As noted above, a striking feature of our study is that the genus Bacillus appears to comprise the culturable core seed microbiota across the five tested cucurbit genera. Paenibacillus was the next dominant genus, but culturable from only three of the cucurbit species (Fig. 2b). Together, these two genera comprised 120/169 of the total isolated endophytes. We observed only limited clustering of Bacillus and Paenibacillus strains by host species (Fig. 3), which may suggest that the functional traits of the microbes may be as important as their taxonomy (see below).
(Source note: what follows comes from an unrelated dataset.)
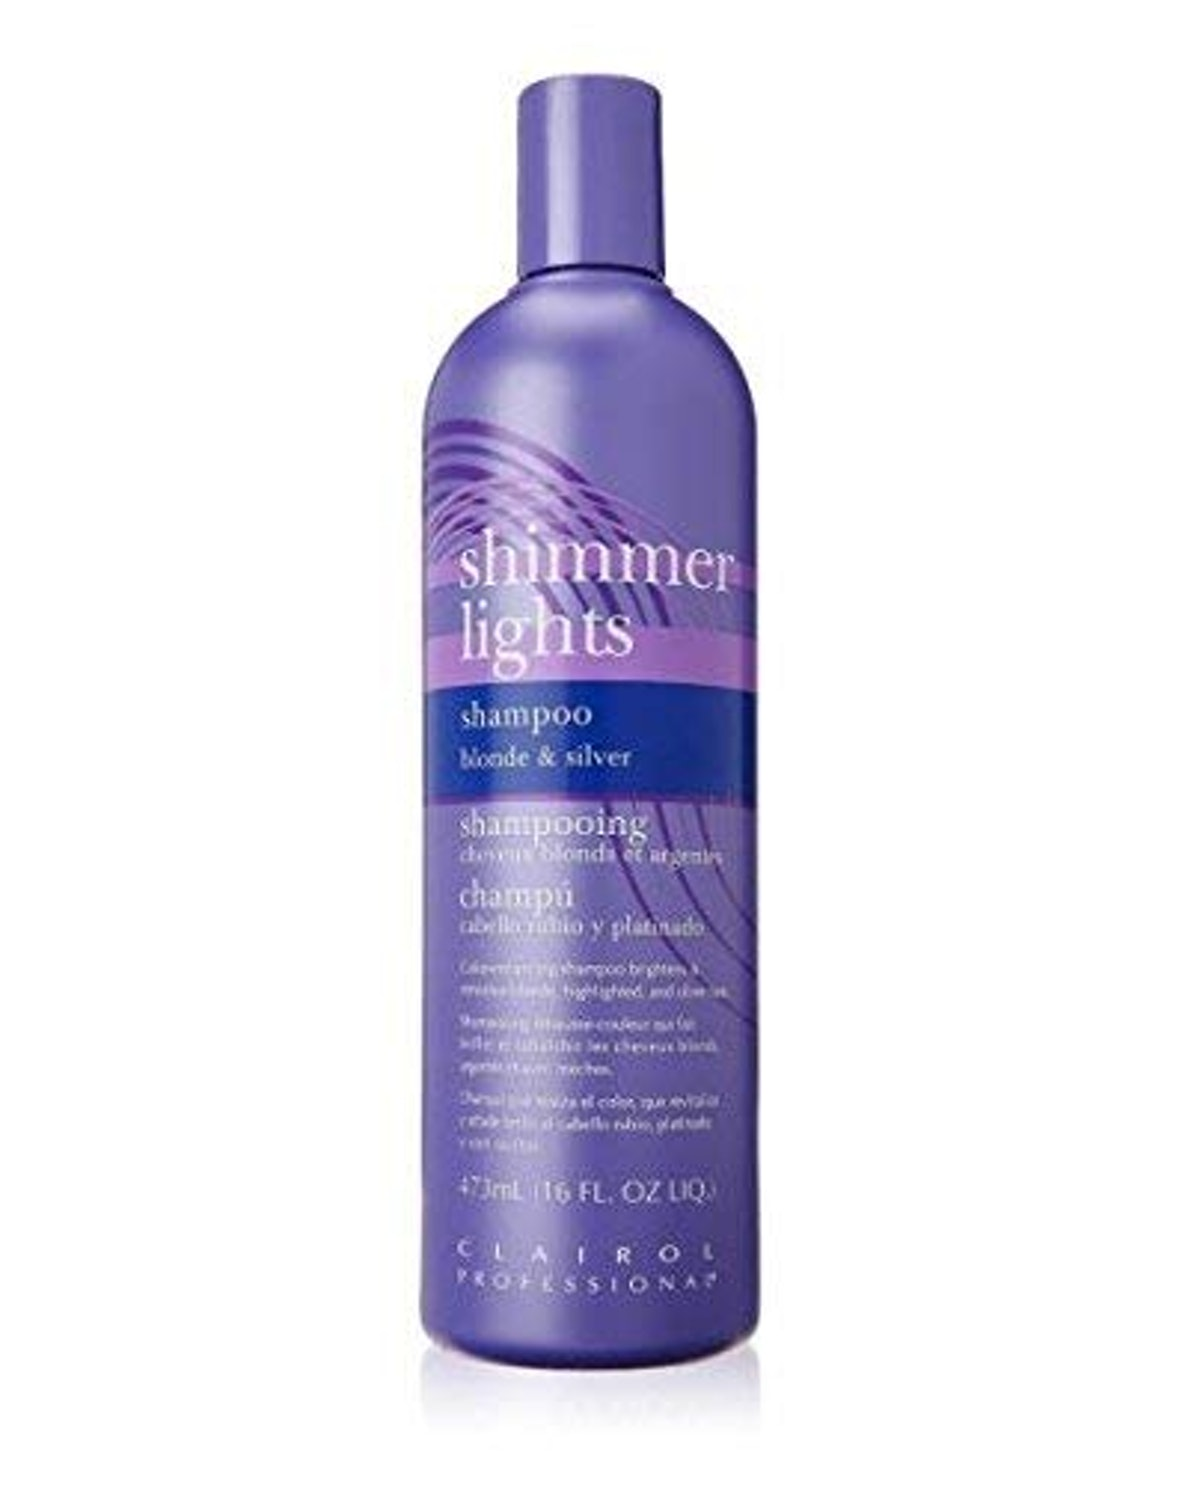 Clairol Professional Shimmer Lights Shampoo Blonde & Silver (16 oz)
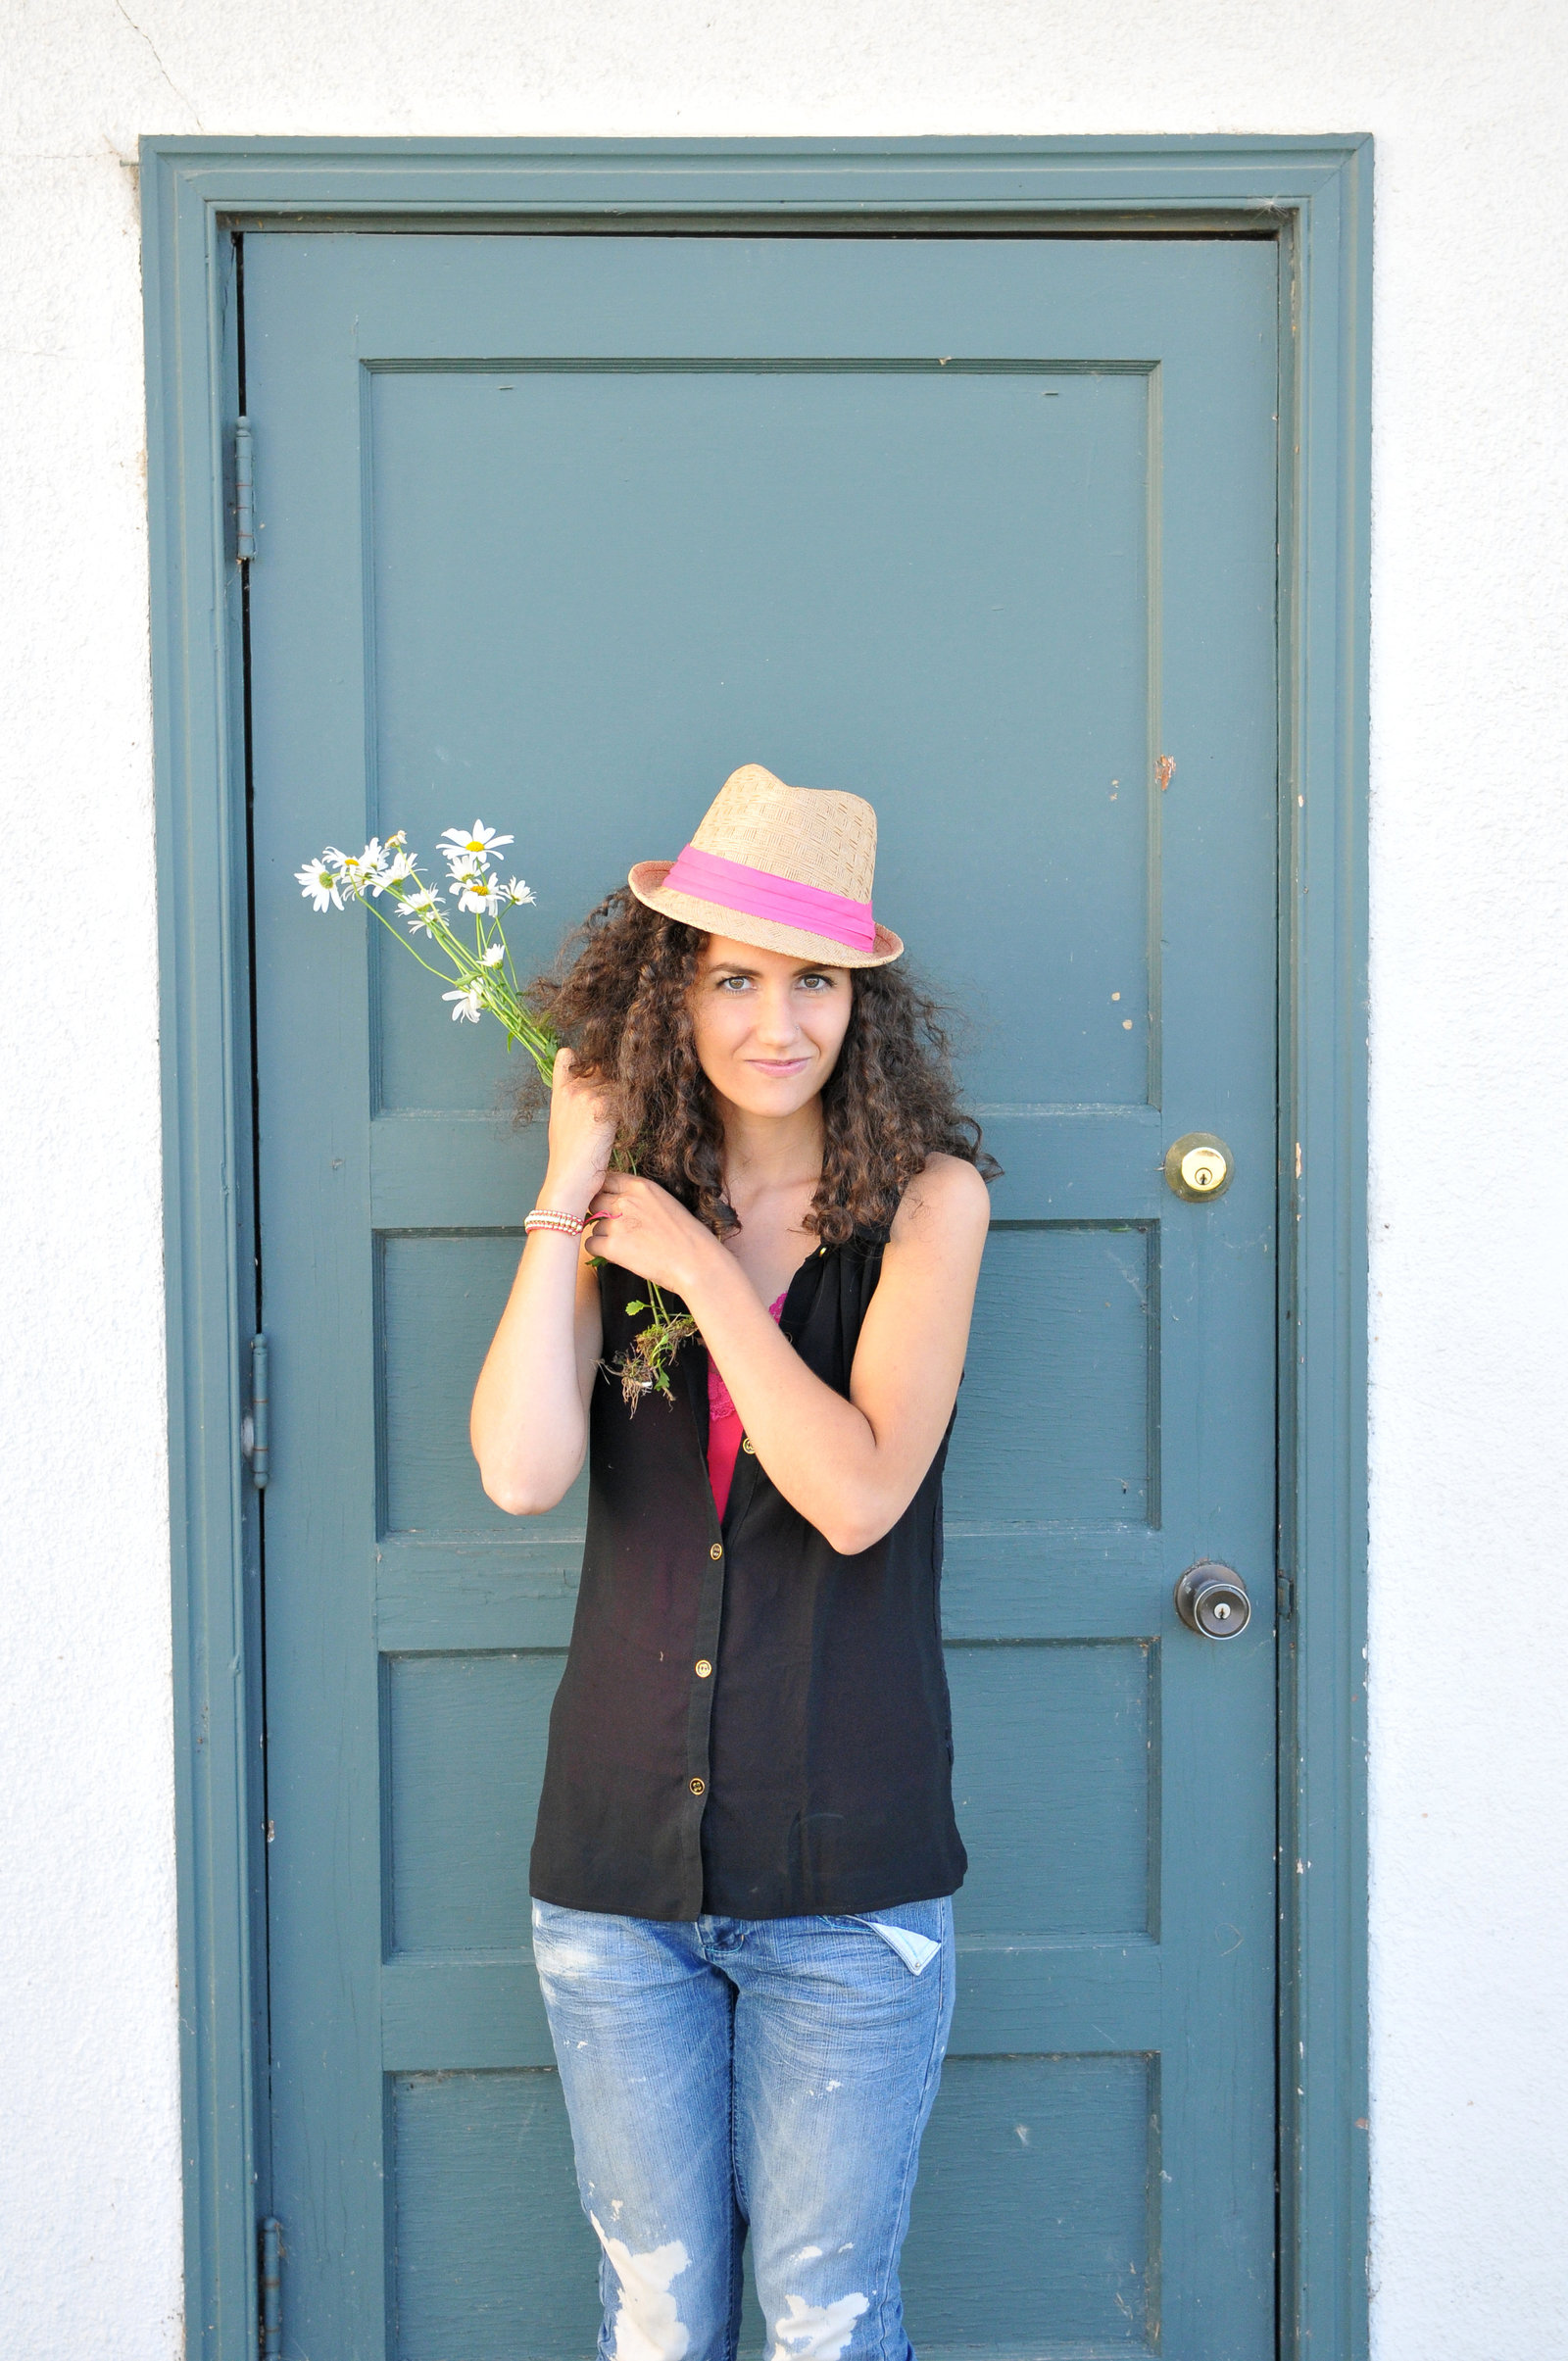 NiNi Flowers Blue Doora by Melissa E Earle

Both Bacillus and Paenibacillus are gram-positive, aerobic, endospore-forming bacteria, that inhabit different ecological niches such as plants, rhizosphere, soil and water [51]. Previous studies from other plants have shown that a characteristic feature of seed endophytes is that they are endospore forming; this property is thought to protect the seed inhabitants from changes within the seed (to tolerate storage, desiccation, seed maturation, germination) [3]. Bacillus strains, in particular, are important commercial biofertilizers and/or biopesticides used for crop production [5254].

Both Bacillus and Pseudomonas have been shown to be the most dominant bacterial genera of the seeds of other plants, in addition to other genera such as Paenibacillus, Micrococcus, Staphylococcus, Pantoea, and Actinobacter [3]. Though Bacillus and Paenibacillus were common in the tested cucurbit seeds, these genera are rare in maize (Zea) seeds [27], suggesting that the cucurbits may have selected these genera for specific ecological purposes. We could find few relevant reports concerning cucurbit seed endophytes; however an early report from 1976 implied the isolation of Bacillus strains [55]. A more recent report aimed at developing a synergistic biocontrol strategy for pumpkin diseases, noted the isolation of anti-pathogenic strains of Paenibacillus polymyxa from pumpkin seeds, Lysobacter gummosus and Pseudomonas chlororaphis from roots and Serratia plymuthica from flowers [24], while a follow up study showed the potential for development of new inoculants [25]. In another study, fluorescence in-situ hybridization was shown to be an effective method to discover bacterial endophytes residing in the seed cavity of selected cucurbit species [4]. The study revealed the existence of α, β, γ- proteobacteria, Firmicutes and Actinobacteria inside the fruit, and the predominance of the genus Bacillus across the fruits that were tested.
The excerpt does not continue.